_What to work on_: Print only the lines below, from the very first to the one containing "Bride to be", exactly as they stand. Do not print pictures.

_Provided material_:
- - -
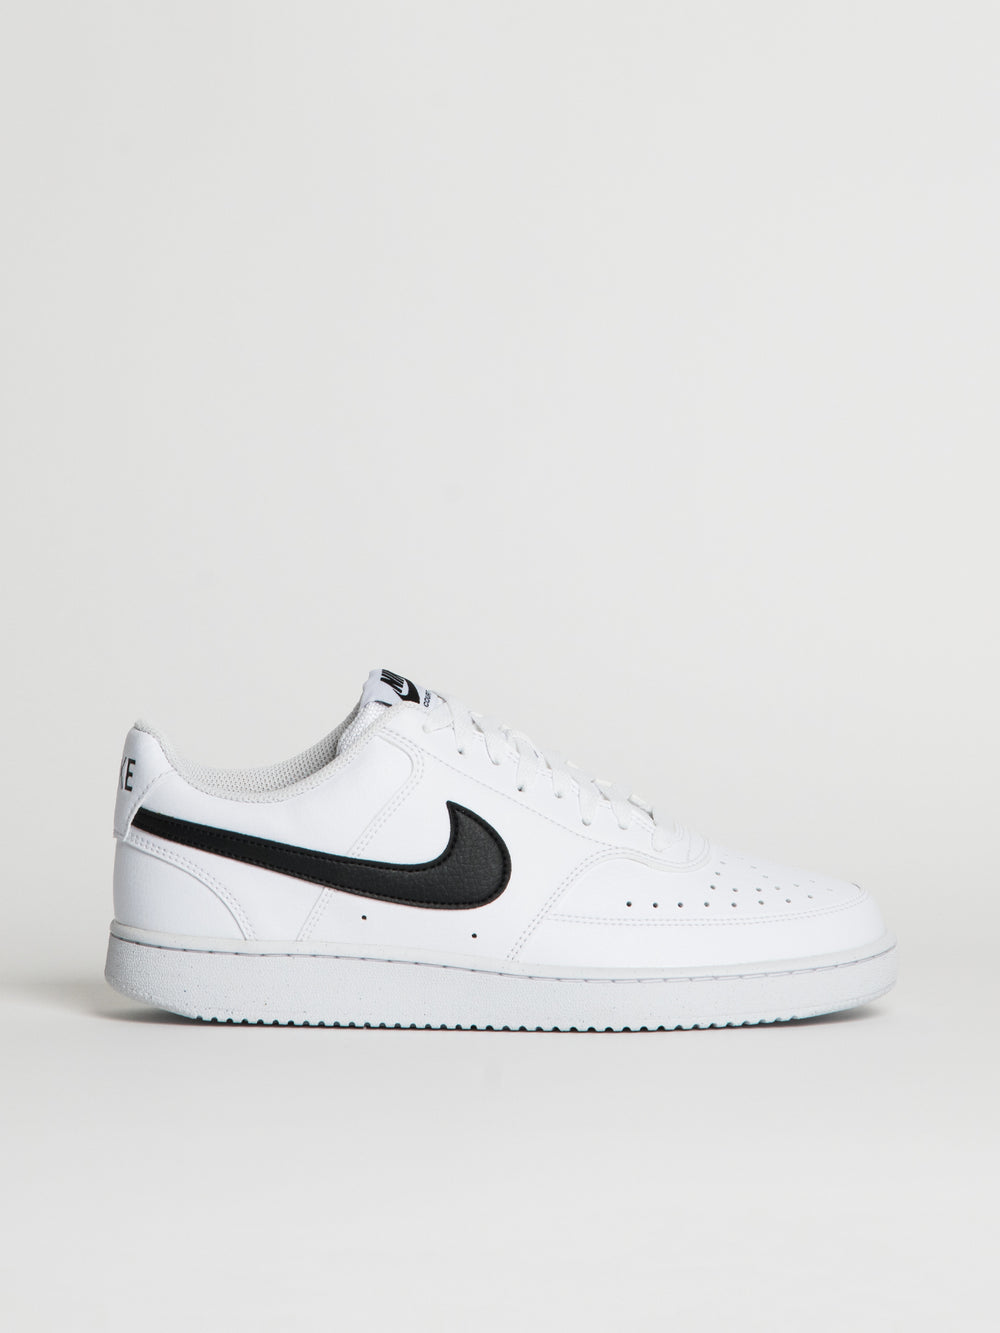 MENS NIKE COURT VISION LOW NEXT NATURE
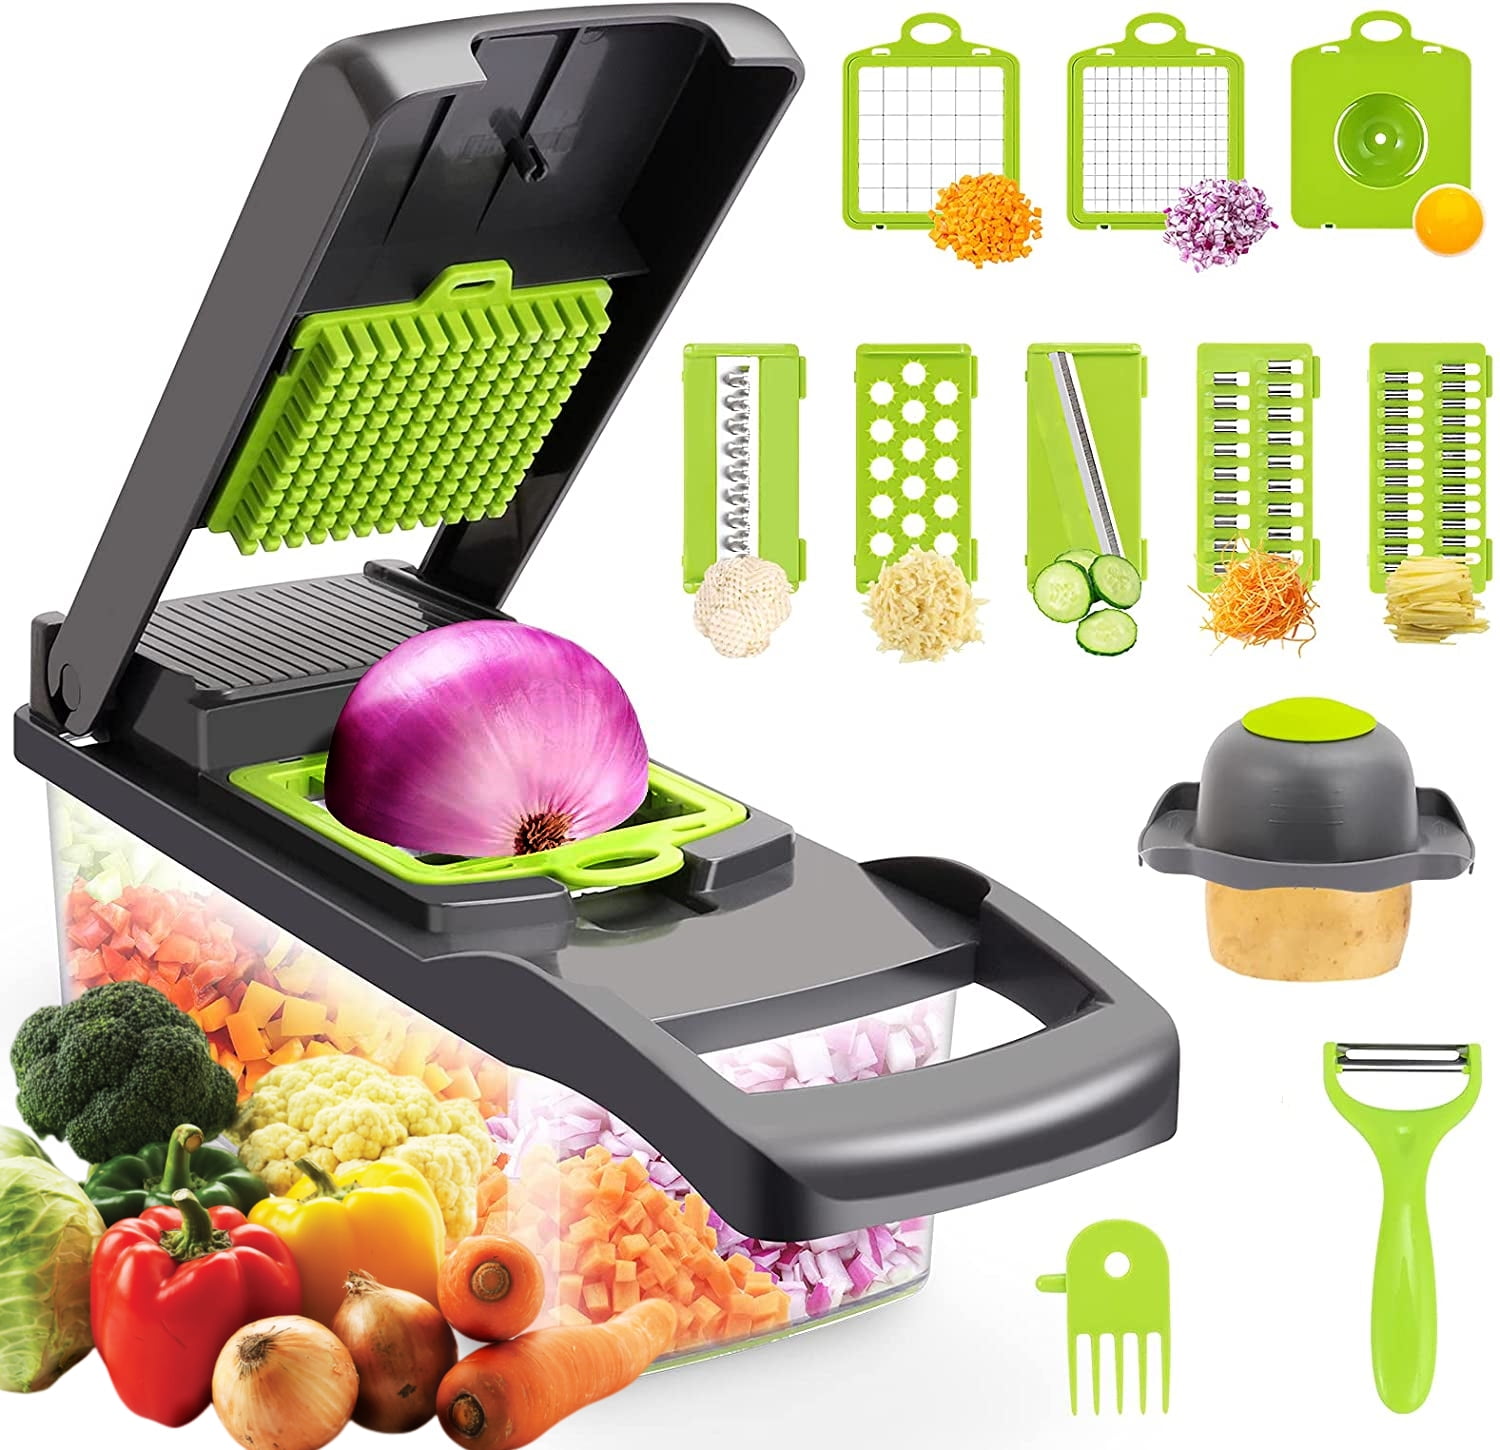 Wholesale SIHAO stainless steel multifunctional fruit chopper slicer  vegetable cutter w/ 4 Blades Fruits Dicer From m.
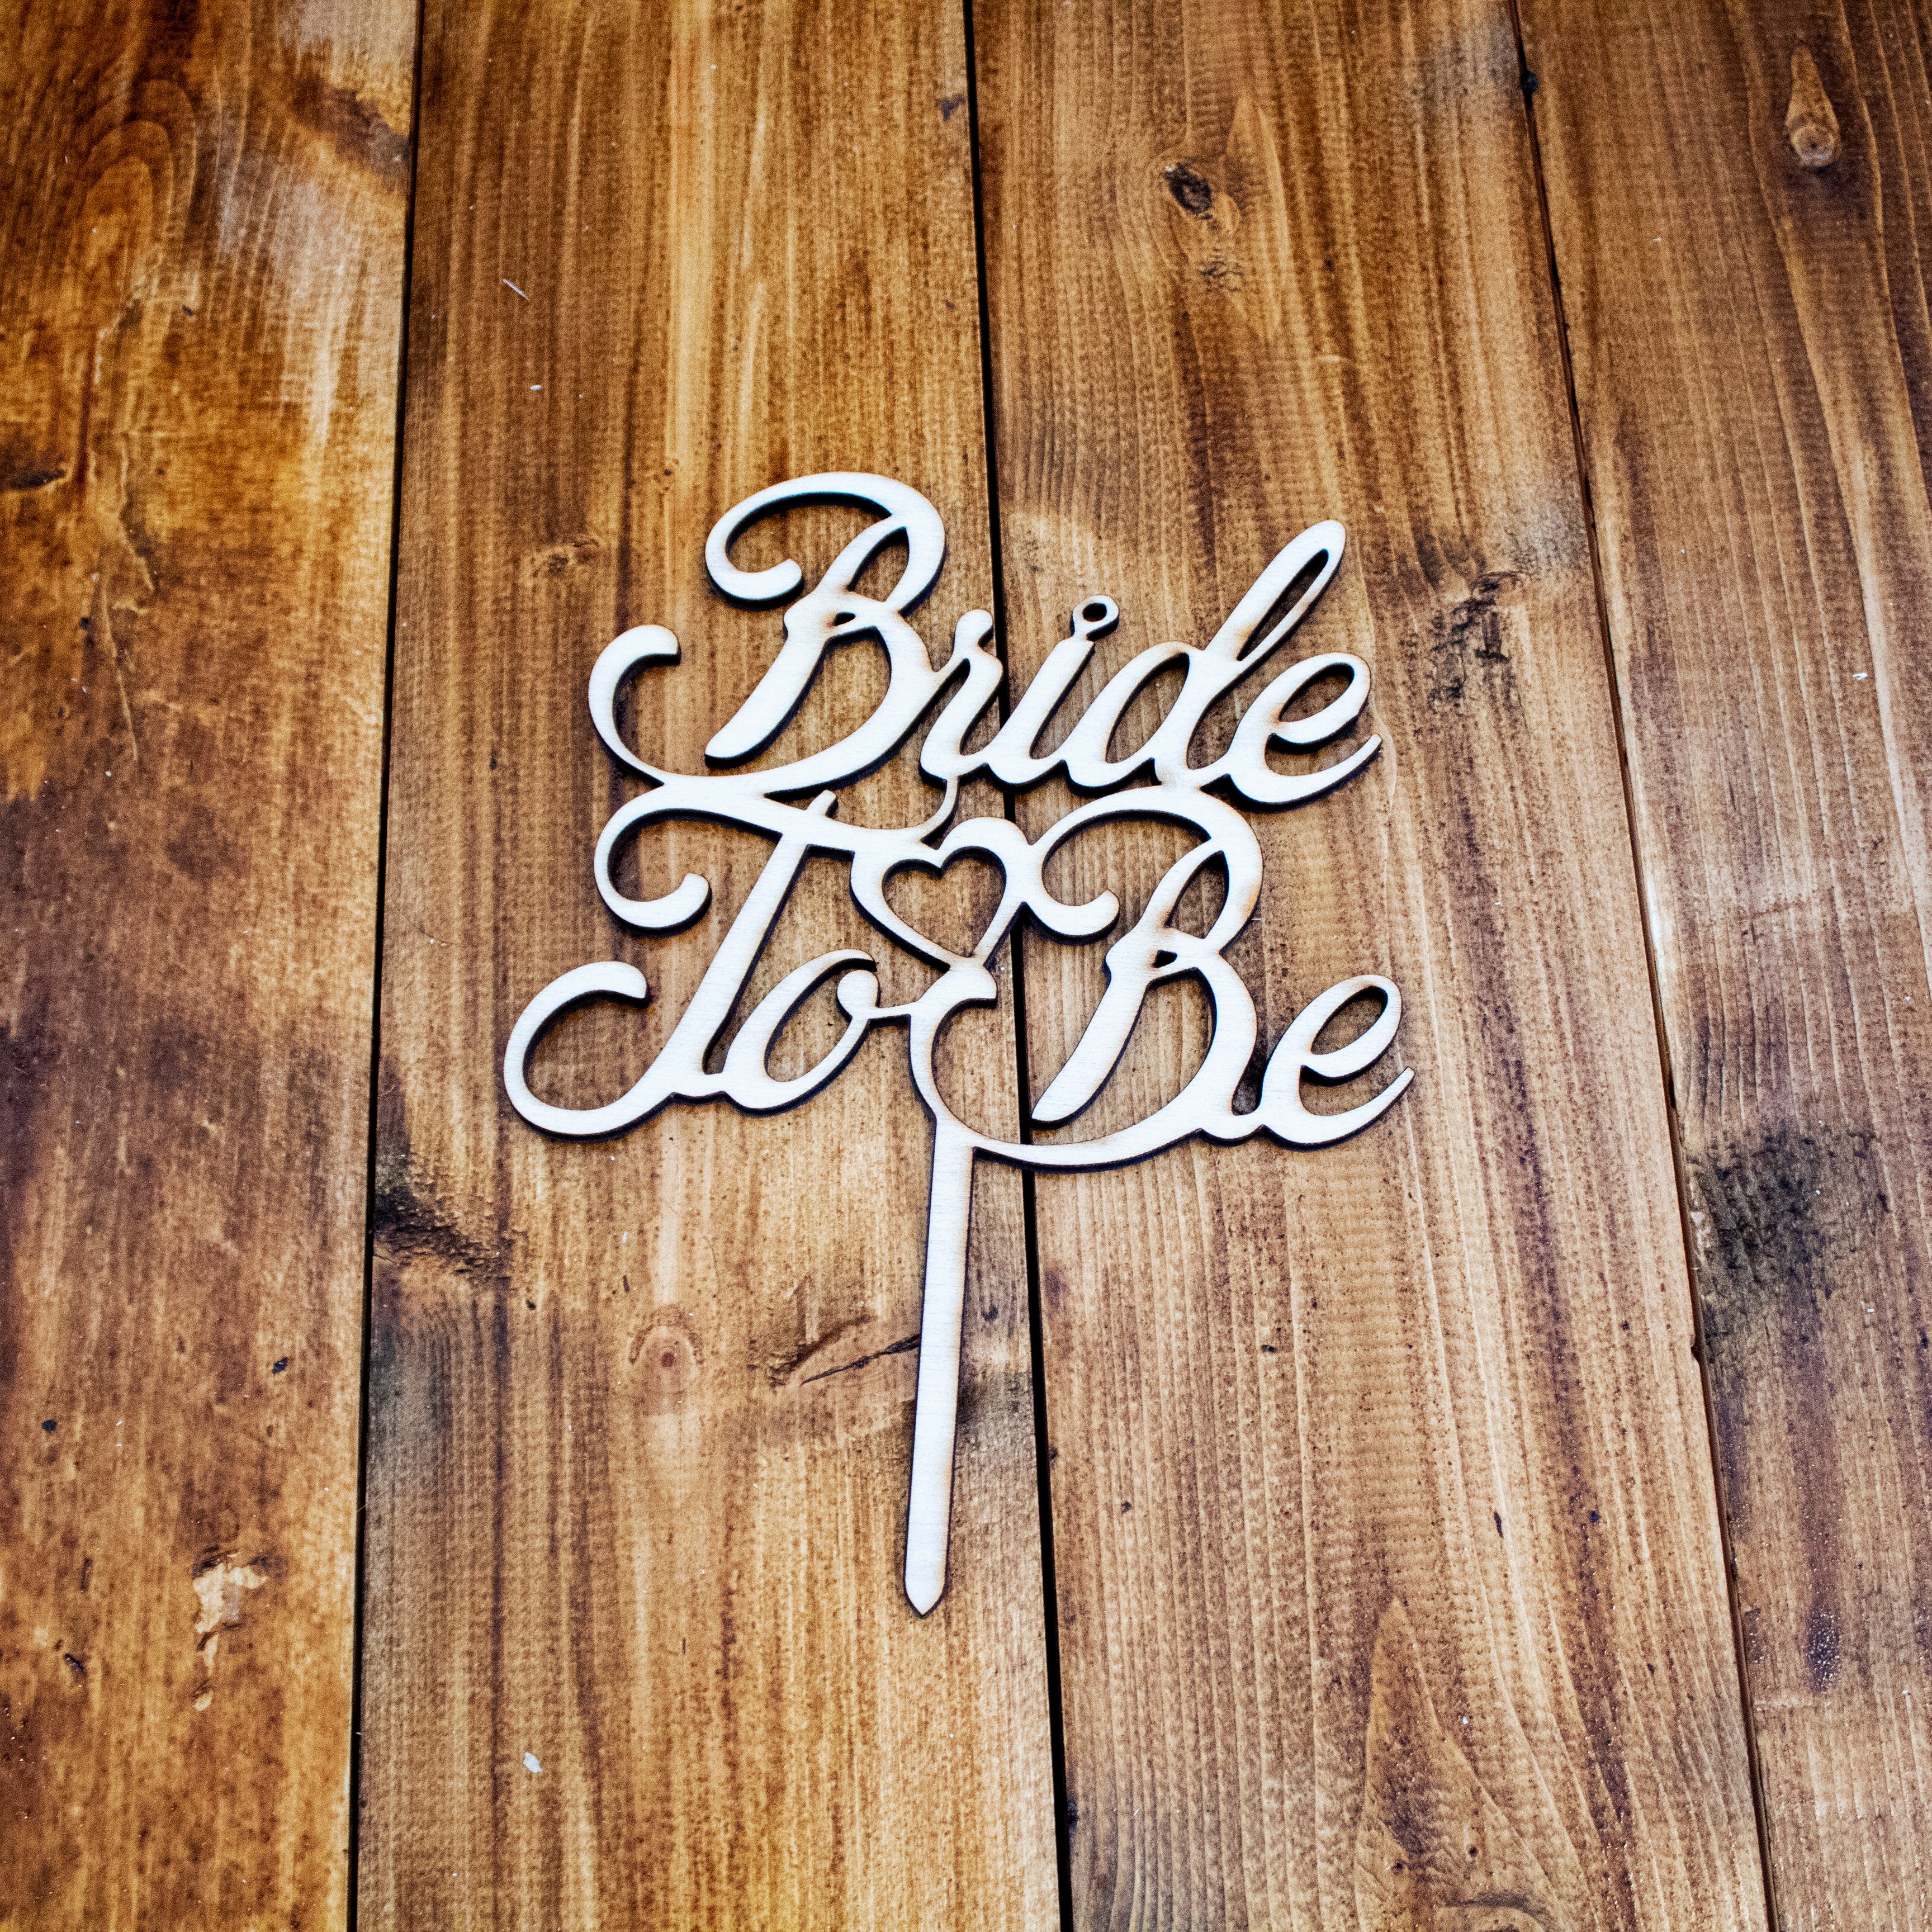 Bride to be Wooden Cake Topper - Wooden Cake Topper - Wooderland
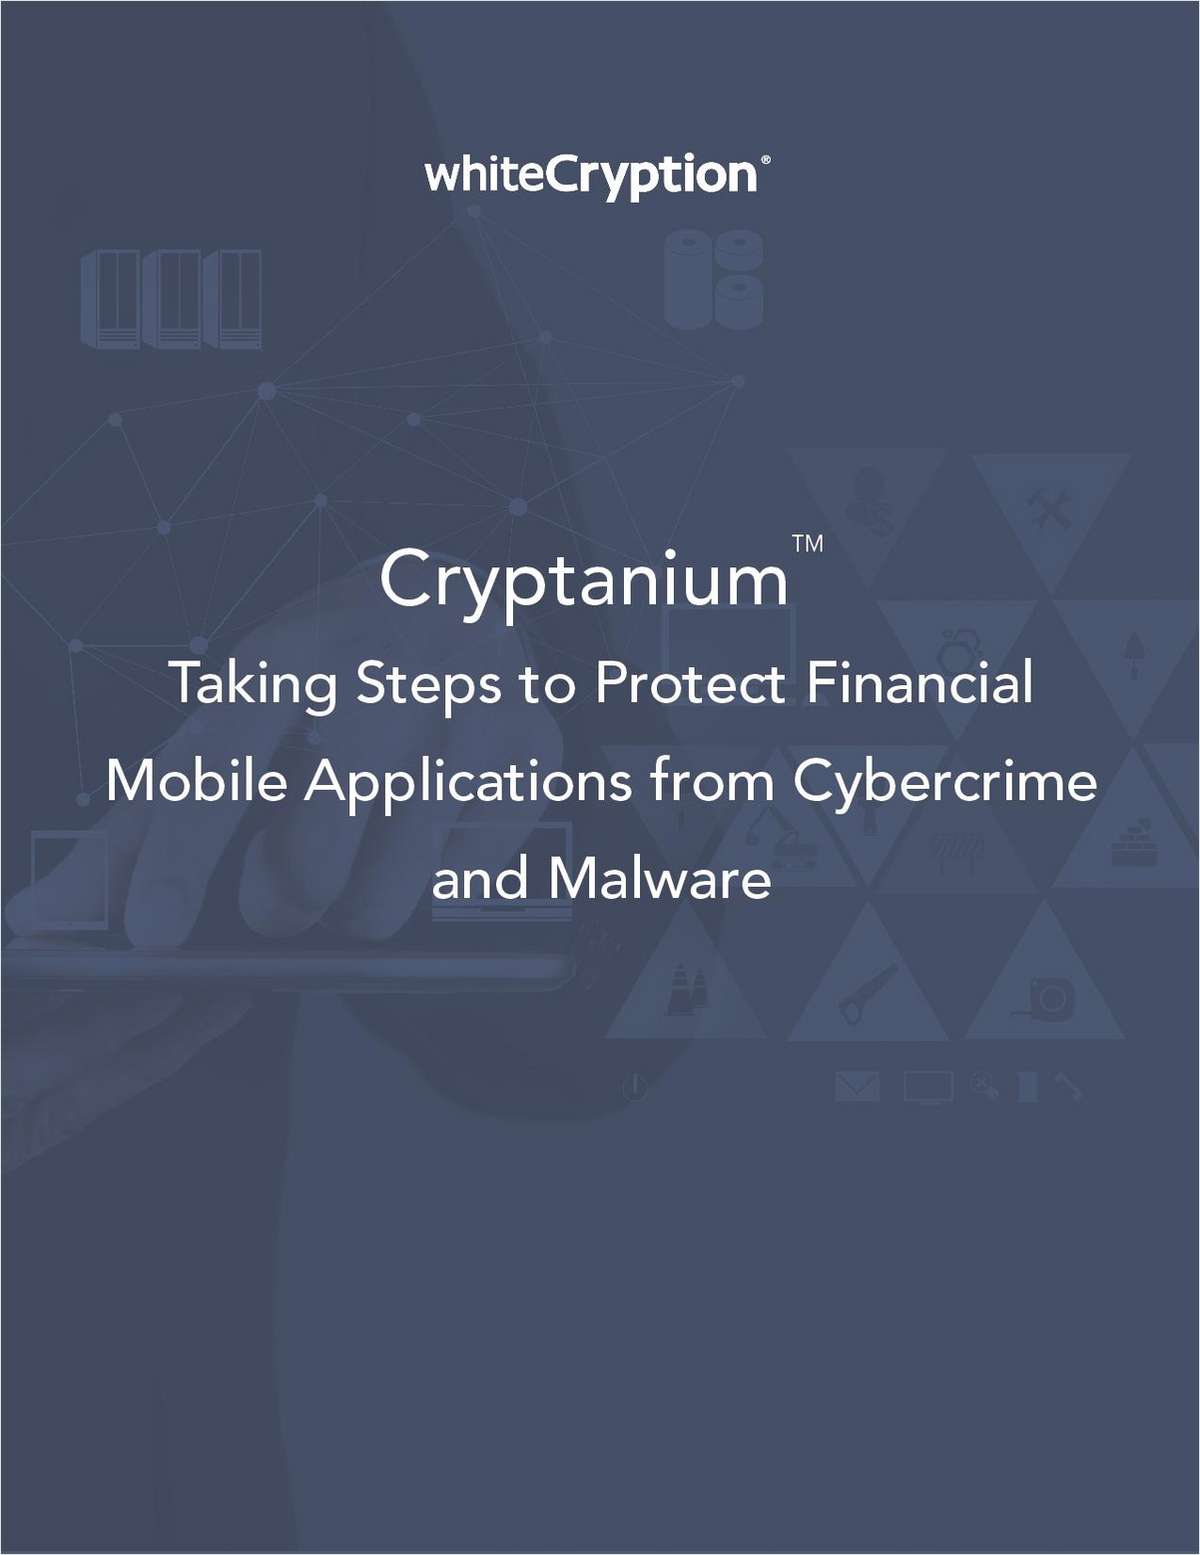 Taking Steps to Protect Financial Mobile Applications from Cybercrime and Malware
- - -
_Reply to the task_:
 MENS NIKE COURT VISION LOW NEXT NATURE
 Wholesale SIHAO stainless steel multifunctional fruit chopper slicer  vegetable cutter w/ 4 Blades Fruits Dicer From m.
 Bride to be Wooden Cake Topper - Wooden Cake Topper - Wooderland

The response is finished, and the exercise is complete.